Dia tidak bisa langsung memejamkan mata, alih-alih ia hanya memandangi seisi kamar, yang benar-benar tidak berseni. Hanya ada satu lemari, satu tempat tidur, dan satu meja kecil yang bahkan tak punya lampu meja. Annabeth pasti akan mengerutkan dahi melihat tempat ini. Selapis tipis debu terlihat di atas meja, Magdalena barangkali lupa mengelapnya. Sama melompongnya seperti Pondok Satu saat ia pertama kali datang, tak menarik. Mungkin memang tak pernah ada tamu yang tidur di tempat ini.

Lampu mendadak mati, dan Jason tersentak bangun.

"Hei, kukira kau tidur, Nak." Lampu pun menyala kembali, pintu yang tadi hanya terbuka sedikit didorong. "Susah tidur, ya?"

Jason mengacak rambutnya pelan. Ternyata instingnya memang selalu benar—dia hampir selalu terbangun untuk sesuatu. "Tidak juga." Dia menyaksikan Tristan masuk, lalu bersandar di tembok. Entah mengapa justru Jason yang merasa bersalah melihat pria itu tak punya tempat duduk.
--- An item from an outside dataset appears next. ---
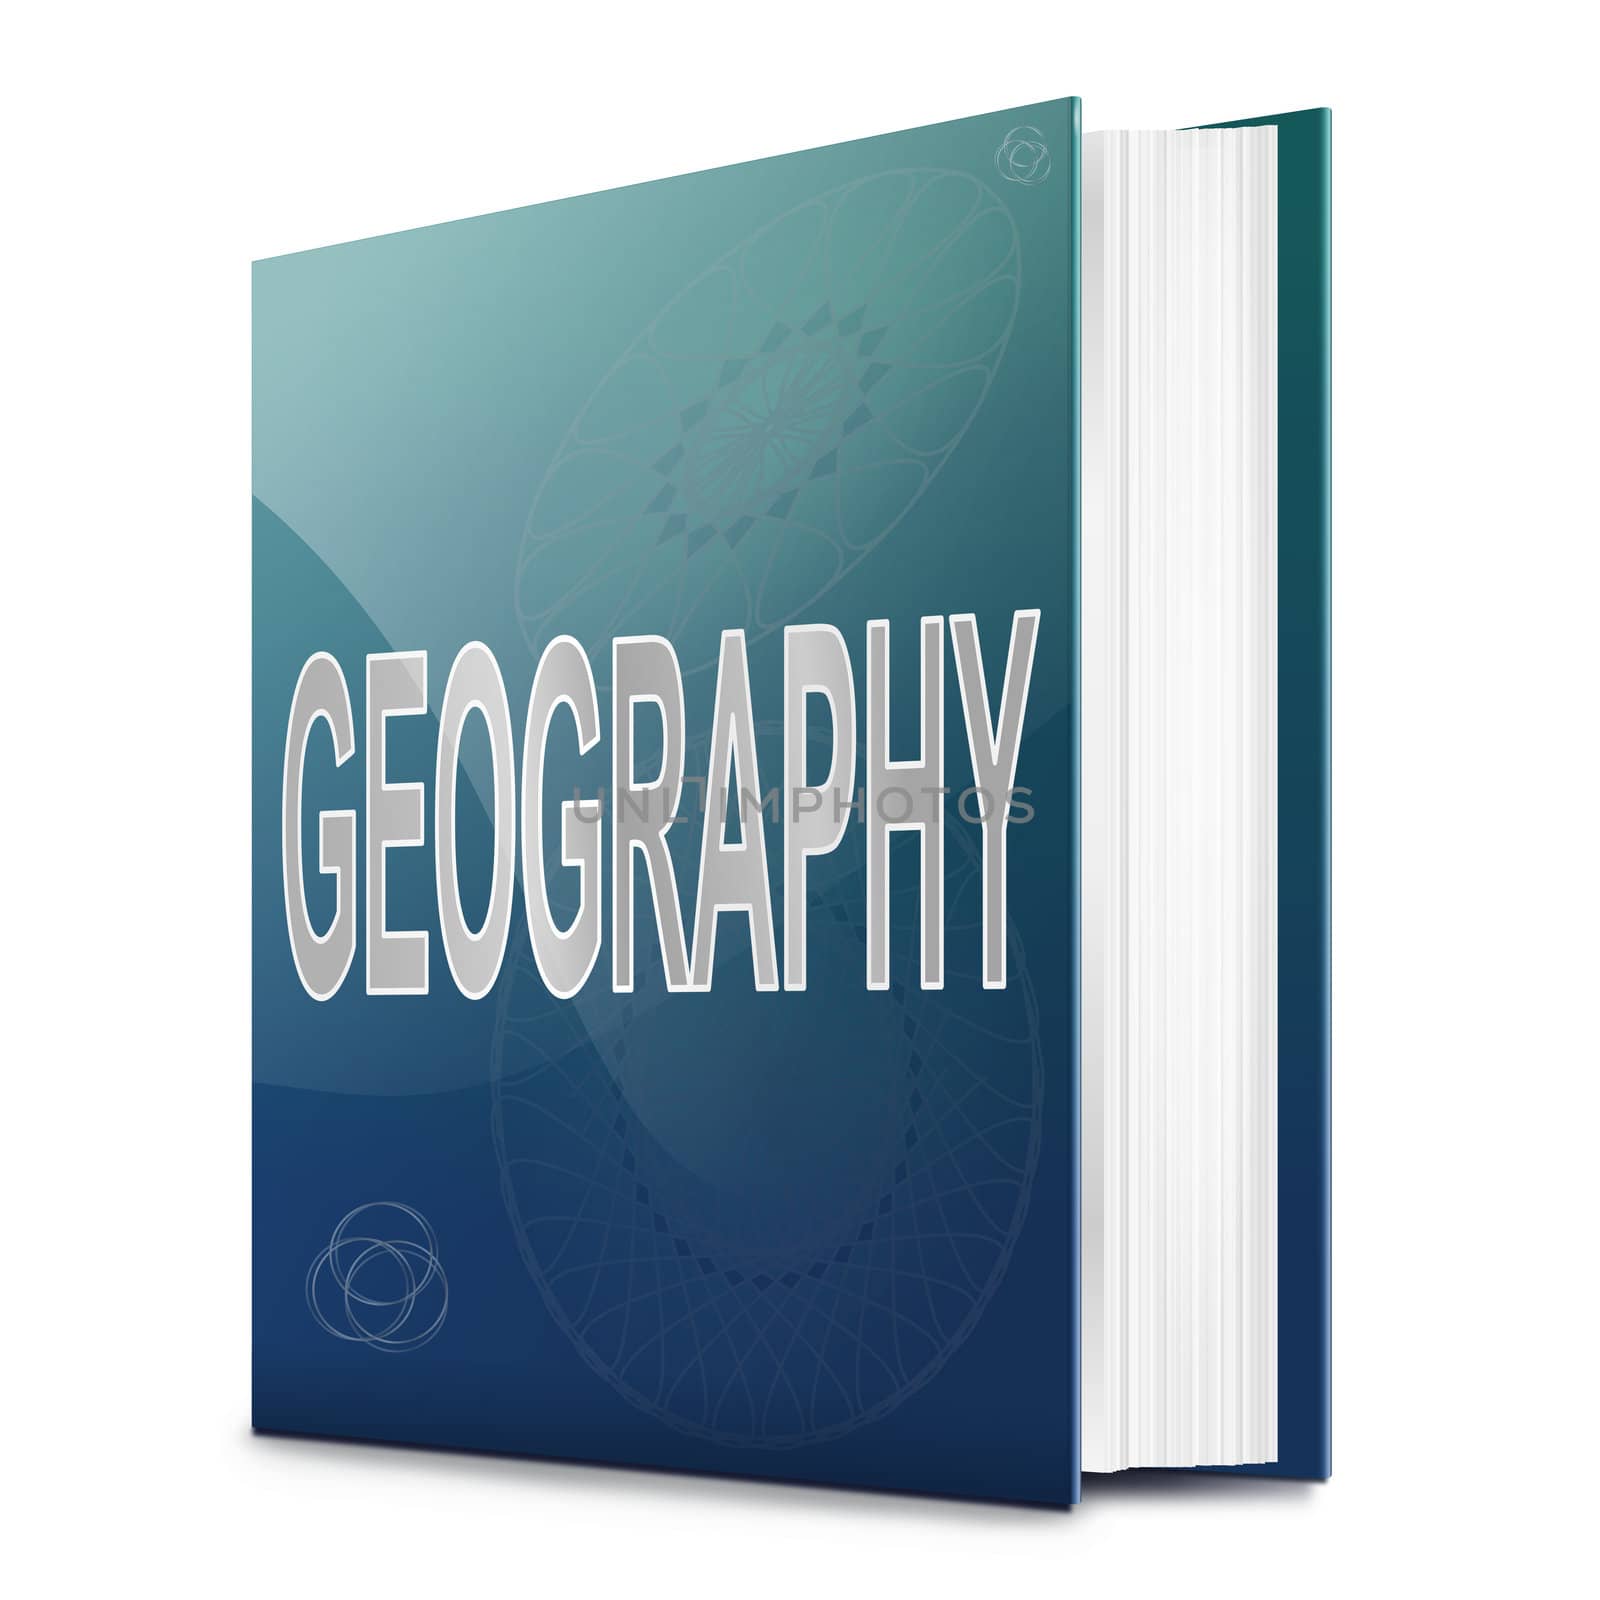 Illustration depicting a text book with a geography concept title. White background.

"Rumah ini agak horor, memang begitu. Itulah mengapa aku ingin menjualnya, tapi hati kecilku selalu bilang nanti, nanti, nanti saja."

"Duduklah di sini," Jason mengedikkan dagu ke sudut ranjangnya. "Tidak enak melihat Anda berdiri."

Tristan mengikuti saran Jason. Ia menepuk lutut pemuda itu. "Nak, bagaimana Pipes?"

Alis Jason terangkat. "Anda tadi tidak mengeceknya?"

Tristan terkekeh pelan. "Bukan begitu. Maksudku, apakah, dilihat dari perjalanan kalian bersama sekitar setahun belakangan, kau benar-benar serius? Kau bisa memutuskannya sekarang."

Jason merasa dihakimi. Ia bertanya-tanya apakah Aphrodite pernah ingin menanyakan hal ini padanya juga. "Saya benar-benar serius," matanya mengawang-awang. "Kami sudah melewati banyak hal bersama," raksasa, Hercules, nymph yang putus asa, Anak Bumi, Ibu Pertiwi, andai Jason bisa menyebutkan semuanya. Rasanya pedih menyembunyikan sesuatu yang besar, sementara hal itulah yang paling berarti dalam hidup mereka berdua. Betapa gatal Jason ingin mengatakannya. Apalagi ketika melihat mata Tristan yang sungguh-sungguh. "Dan hal-hal itu bukan sesuatu yang kecil. Kami berutang satu sama lain, dan satu-satunya cara untuk melunasinya adalah dengan hidup bersama sampai akhir hayat kami."

Tristan menepuk (—memukul) pundak Jason sambil tertawa halus, "Kau ini. Kau berkata-kata seolah kalian berdua baru saja melewati banyak tantangan antara hidup dan mati."

Memang begitu.

"Jadi, Jason Grace, kau menyukai rumah ini?"

Jason mengangkat bahu, "Tidak buruk."

"Saat kalian datang ke sini, aku tiba-tiba berpikiran bahwa mungkin aku sebaiknya tidak menjualnya. Kalian bisa menempati rumah ini suatu saat nanti. Barangkali setelah kalian menikah, kedengarannya menarik sekali."

Pikiran Jason jauh melayang sampai rasanya ia terhuyung-huyung. Ia dikembalikan ke tempat duduknya lagi oleh suara Tristan,

"Tidurlah. Besok pagi kita akan tahu rencana kita. Kau lebih suka lampunya dimatikan atau tetap begini?"

"Matikan saja."

Jason menyaksikan hingga Tristan menghilang di balik pintu. Ia hanya sekali bertemu ayahnya, itu pun hanya karena dunia mau runtuh. Kalau tidak, barangkali tidak akan pernah. Satu-satunya wujud yang bisa menjaga logikanya bahwa ia lahir secara wajar dari seorang ayah dan seorang ibu dan bukannya menyembul dari batang akasia atau kelopak kamperfuli adalah patung Zeus Hippie di pondoknya. Sekarang, hanya sekadar kata-kata sederhana dari Tristan pun membuatnya merasa diterima oleh seorang laki-laki yang seharusnya. Ia merasa sedikit bersalah karena masih kagok untuk menyebut kata 'Ayah' untuk Tristan walaupun bagi Tristan hal itu sangat disarankan.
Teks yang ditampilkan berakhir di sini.